Reyes Bev Group is testing a new distrib unit called Unique Craft Solutions that services parts of SoCal where it doesn’t have full-service distribs and enables it to provide suppliers with a one-stop solution for all of SoCal.  “We plan on a portfolio of local and regional craft brands, along with complimentary specialty imports,” said Harbor’s Ned Hall.  RBG “developed the idea to compete with other Southern California distribution solutions.”  Those include Wine Warehouse, Craft Guild of Calif (L. Knife), Stone.  So Unique Craft Solutions only sells in territories where RBG doesn’t have full-service distribution, principally LA area. Local MC distribs Classic and Beauchamp likely view this warily.  But Unique Craft very small volume so far and really just starting out.  Principally, it enables RBG to sell some brands now thruout SoCal.  Brands included so far are Paulaner, Belching Beaver (a North County San Diego craft), San Tan (Ariz) and starting later this mo, the Hess brands, another rising SoCal craft.  Unique Craft Solutions will also sell craft spirits.  Very interesting development.   

Yuengling went with MC distrib C&C (Mancini family) in Rhode Island and will enter state in Jun.  After going with all AB distribs in several states, that’s at least 3d departure by Yuengling in last 2 mkts.  Recall, Yuengling went with MC distrib Atlas and L Knife’s Craft Guild of Boston operation in Mass.  How’s Mass going so far?  Pretty great, according to state shipment stats.  Yuengling shipped over 30,000 bbls in Mar, for about a 10 share of shipments in its intro mo. That’s strong, tho sales-to-retailers reportedly not quite half of that.  Meanwhile, Yuengling put Connecticut on hold because “we’re not ready to make final decisions,” said Yuengling coo Dave Casinelli.  Yuengling is going to “reevaluate” and “spend more time” before entering CT.   

Stay on top of beer’s rapidly growing high end trends.  Join us at the 2014 Beer INSIGHTS Spring Conference at the Ritz Carlton in Chicago, June 9-10.  Space is limited.  For more info, click here. To register, click here.   

David Steinman, our newest employee, has filed another blog post about his early experience in the beer biz and here at BMI.     

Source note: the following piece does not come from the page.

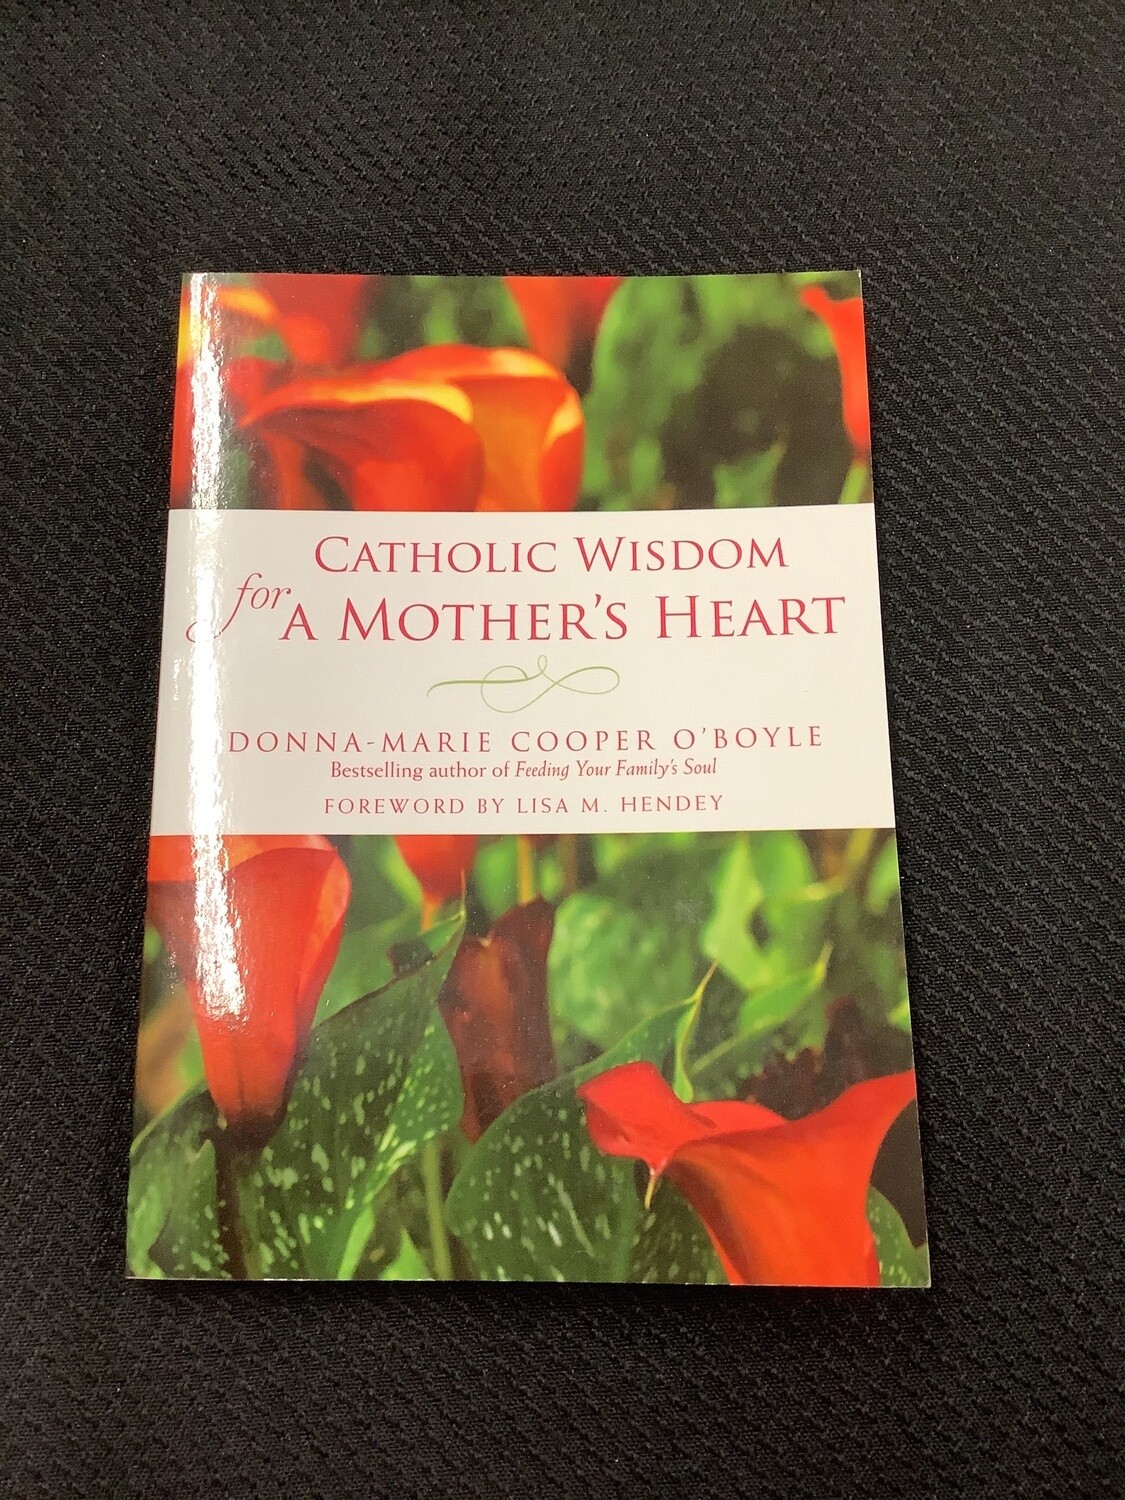 Catholic Wisdom For A Mothers Heart - Donna-Marie Cooper O’Boyle

MolsonCoors jumped 4% to very near a 52 week high this morn, and still up 3% at presstime.  TAP had “big beat” of analyst estimates with “better expense control” and “lower taxes,” wrote Judy Hong of Goldman Sachs. Underlying EBITDA jumped 20% to $251 mil.  Yet MillerCoors’ STRs down 3.4%, MolsonCoors also down 5.7% in Canada (compared to 4% drop for ABI).  At least European volume up 5.6%. TAP’s intl biz unit lost $3 mil pretax for the qtr, better than the $5 mil it lost last yr. Stifel’s Marc Swartzberg “encouraged by” 1st qtr EBITDA increase “and management’s emerging capital discipline,” and also continues to “see upside from improving capital allocation plus unreflected upside if ABI buys SABMiller.”